Hi,
maybe I’m doing something wrong, but this is too strange. Please have a look at this kernel:
(SimplexState is an enum with ~8 values)
__global__ void
doRCEStepsD(float *simplices,
float *pointA,
float *pointB,
unsigned int *_max,
SimplexState *simplexState,
unsigned int *activeSimplices,
unsigned int *pNumActiveSimplices,
unsigned int constantsCount,
unsigned int log2ThreadsPerSimplex,
unsigned int log2SimplicesPerBlock)
{
unsigned int locIndex = threadIdx.x;
unsigned int simplexSize = IMUL((constantsCount + 1u), constantsCount);
//load number of simplices that have to be considered by this kernel
/* this works !
__shared__ unsigned int numActiveSimplices;
if (locIndex == 0) {
numActiveSimplices = (*pNumActiveSimplices);
}
__syncthreads();
*/
// this doesn't work !
unsigned int numActiveSimplices;
numActiveSimplices = (*pNumActiveSimplices);
__syncthreads();
// ...
}
“pNumActiveSimplices” is allocated with cudaMalloc, and has the size of one single “unsigned int”.

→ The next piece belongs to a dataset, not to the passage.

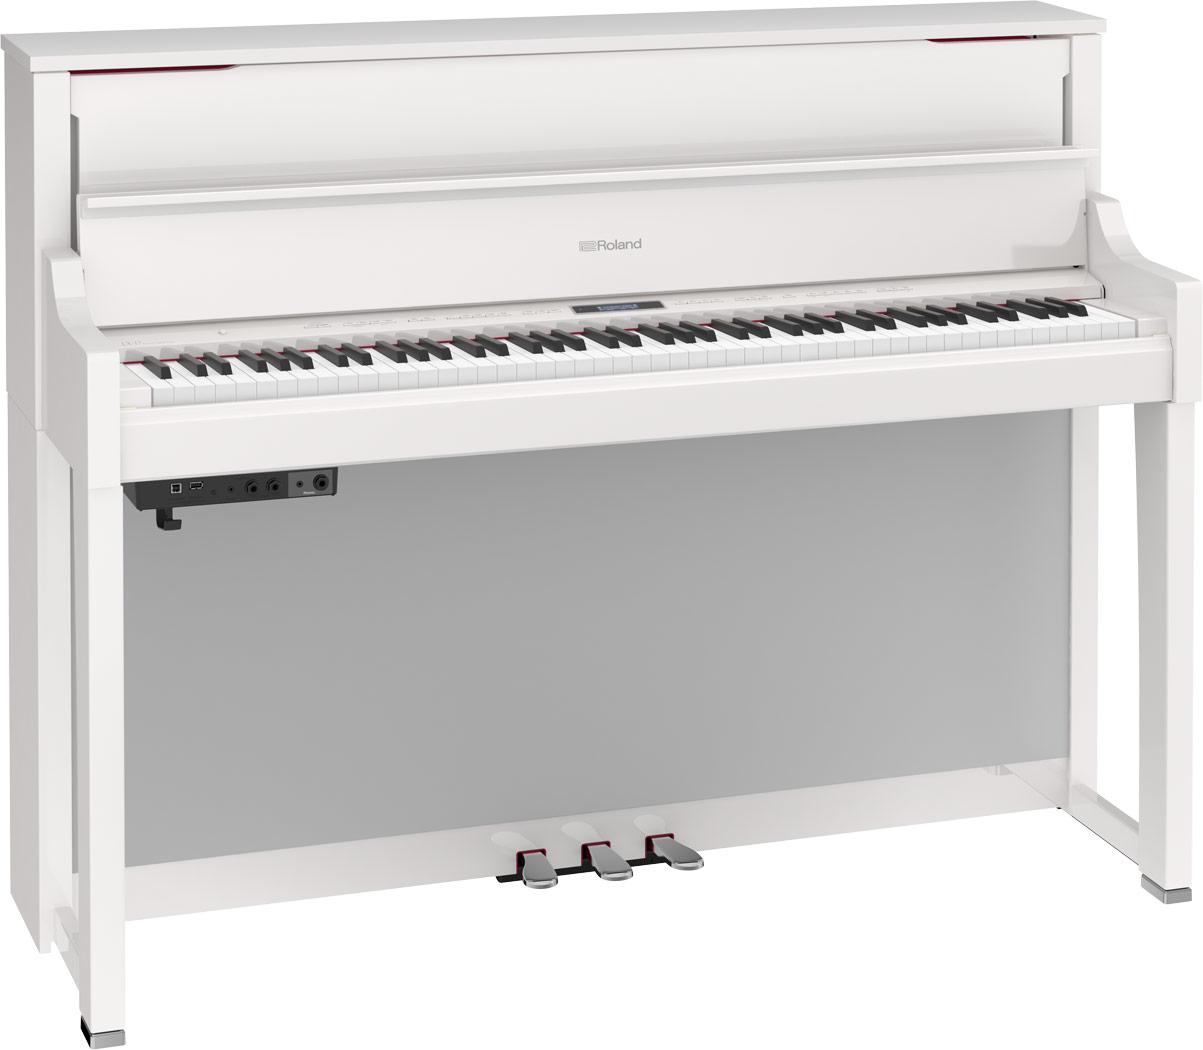 Roland - LX-17 | Piano Digital

If only one thread loads it into a shared variable, all is ok…but if each thread of every block has to read it, I get an error
“cutilCheckMsg cudaThreadSynchronize error, line 1260 : unknown error”.
Does anyone have a clue why the first version works, but the second doesn’t…?
I’m using CUDA 2.2 2.3 (Windows Vista, GTX 280).
EDIT: Sorry, I forgot they already installed version 2.3